Report only the number of lines in the records that contain the word "Leather".

TASK INPUTS:
>>>>>

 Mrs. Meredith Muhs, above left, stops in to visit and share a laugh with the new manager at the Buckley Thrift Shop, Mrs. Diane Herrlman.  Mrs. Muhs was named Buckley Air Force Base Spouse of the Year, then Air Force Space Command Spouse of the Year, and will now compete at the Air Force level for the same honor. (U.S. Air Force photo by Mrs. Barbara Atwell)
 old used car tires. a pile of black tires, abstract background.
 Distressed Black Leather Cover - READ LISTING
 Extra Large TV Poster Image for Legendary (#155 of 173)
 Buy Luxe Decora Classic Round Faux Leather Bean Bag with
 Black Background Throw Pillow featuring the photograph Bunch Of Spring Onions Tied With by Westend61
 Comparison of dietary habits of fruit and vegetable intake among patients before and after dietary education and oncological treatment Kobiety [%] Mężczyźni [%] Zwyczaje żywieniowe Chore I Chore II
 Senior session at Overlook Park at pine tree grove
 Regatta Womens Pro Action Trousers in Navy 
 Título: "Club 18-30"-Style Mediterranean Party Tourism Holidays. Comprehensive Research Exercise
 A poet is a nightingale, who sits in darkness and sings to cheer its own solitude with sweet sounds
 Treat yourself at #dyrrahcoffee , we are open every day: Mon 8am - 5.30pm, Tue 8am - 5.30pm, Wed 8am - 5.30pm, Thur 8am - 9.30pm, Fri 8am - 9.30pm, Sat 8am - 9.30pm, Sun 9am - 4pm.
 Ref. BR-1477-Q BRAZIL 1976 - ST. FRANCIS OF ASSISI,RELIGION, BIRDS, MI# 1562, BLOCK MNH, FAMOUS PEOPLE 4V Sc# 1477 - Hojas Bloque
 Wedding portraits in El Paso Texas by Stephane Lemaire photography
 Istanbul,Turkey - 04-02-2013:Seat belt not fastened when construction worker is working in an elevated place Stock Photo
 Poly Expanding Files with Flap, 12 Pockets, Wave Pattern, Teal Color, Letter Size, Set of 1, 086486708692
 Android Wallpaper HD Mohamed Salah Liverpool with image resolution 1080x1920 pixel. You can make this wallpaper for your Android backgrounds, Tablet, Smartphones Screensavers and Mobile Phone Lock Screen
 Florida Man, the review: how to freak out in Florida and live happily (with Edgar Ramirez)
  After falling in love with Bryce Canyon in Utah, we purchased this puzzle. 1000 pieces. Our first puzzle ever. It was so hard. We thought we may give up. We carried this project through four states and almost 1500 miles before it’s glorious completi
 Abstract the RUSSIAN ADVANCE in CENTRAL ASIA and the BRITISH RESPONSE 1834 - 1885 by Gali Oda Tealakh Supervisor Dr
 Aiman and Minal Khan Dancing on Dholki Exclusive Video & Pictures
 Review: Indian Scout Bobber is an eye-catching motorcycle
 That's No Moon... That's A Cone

<<<<<

SOLUTION FOR THIS EXERCISE: 2